After having a hard day at school, while heading back to your dorm room, have you ever had the urge to be greeted by your favorite pet? But as you wish this would come true you think to yourself, “I can’t possibly bring my pet on campus and have him live in the dorms with me.” Well that’s not necessarily the case.

According to the American’s Disability Act, if you are a student that is struggling emotionally, and have the right documentation from a health care professional, you are allowed to have your very own pet on campus. These pets are referred to as emotional support animals.

Christine Tracy, director of the Student Success Center, is the person you would have to speak to about getting permission to have your emotional support animal on campus. Tracy will need to see documentation from a healthcare professional. Once that is completed she will notify housing and your animal is allowed to stay with you on campus.

Tracy has noticed good things come from students that have their very own furry companion on campus.

“Everyone who has brought in an emotional support animal has done well academically and socially,” Tracy stated.

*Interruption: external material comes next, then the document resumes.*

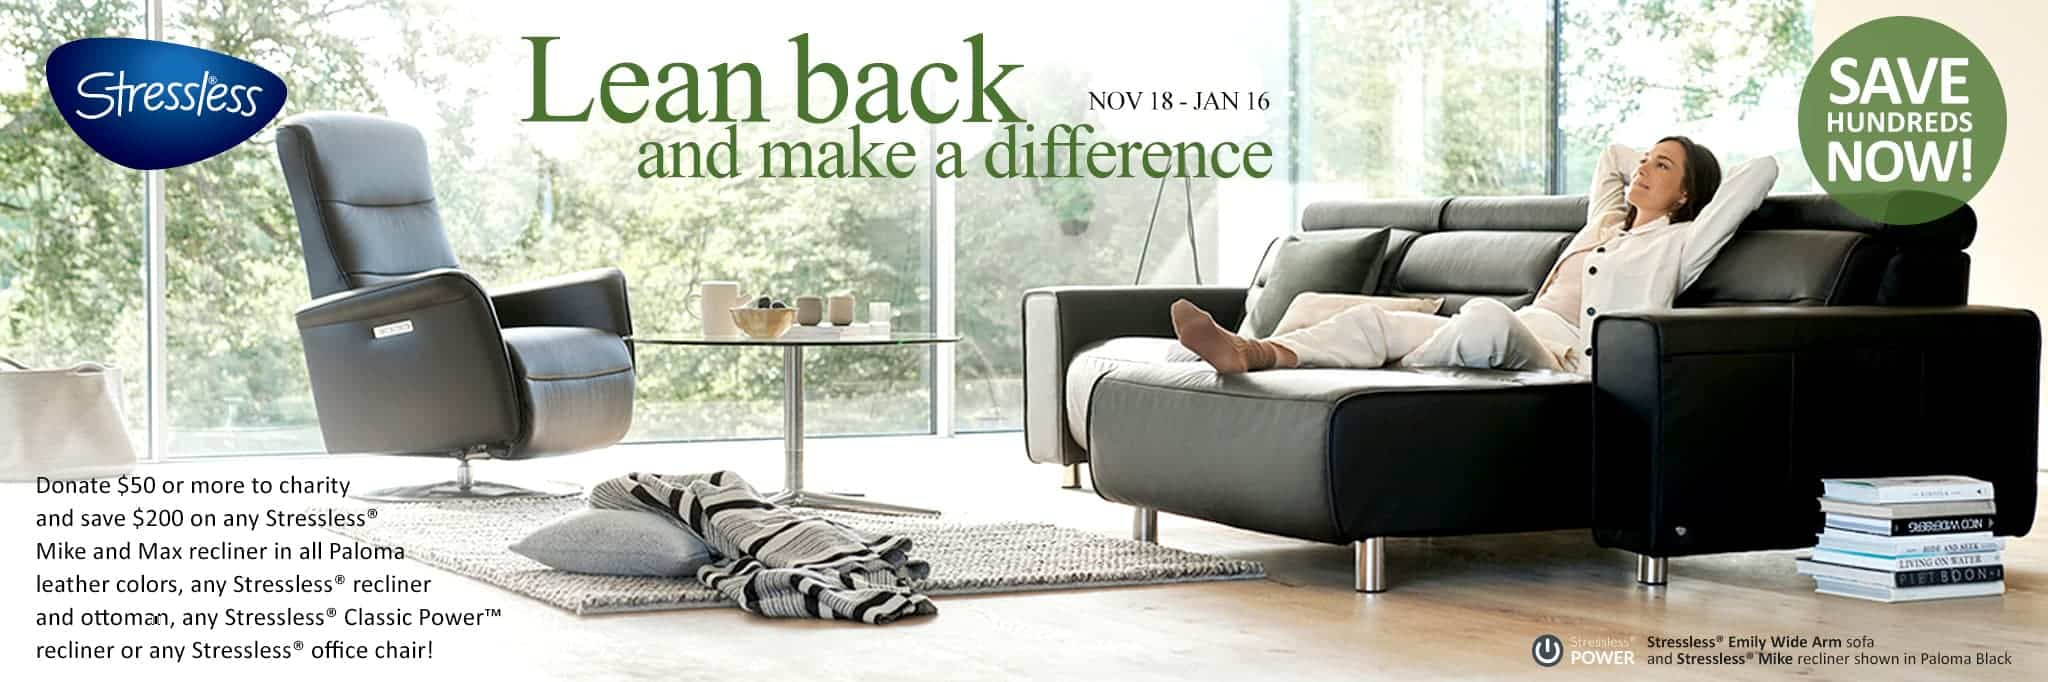 Stressless® Promo: Donate to charity and save hundreds off Stressless® furniture

Freshman nursing student, Haylee Martin, has her dog, Ava, as her emotional support animal. Unfortunately for Martin, her family dog that she’d had since she was little had recently passed away. It was hard on her and her family. So before she left for school she found Ava through a Facebook post, and received the right documentation to have her on campus with her.

Ava has helped Martin in many ways. She has noticed that Ava has been a major stress reliever.

“She is good at detecting when I’m not feeling the greatest,” Martin said, “and she’ll love up on me when I’m feeling down, and I pet her and she instantly makes me happy.”

Martin believes that it is a good idea to allow students to have their emotional support animal accompany them on campus, and has noticed a lot of benefit from it.

“Having Ava to come back to is reassuring after a long day,” Martin stated.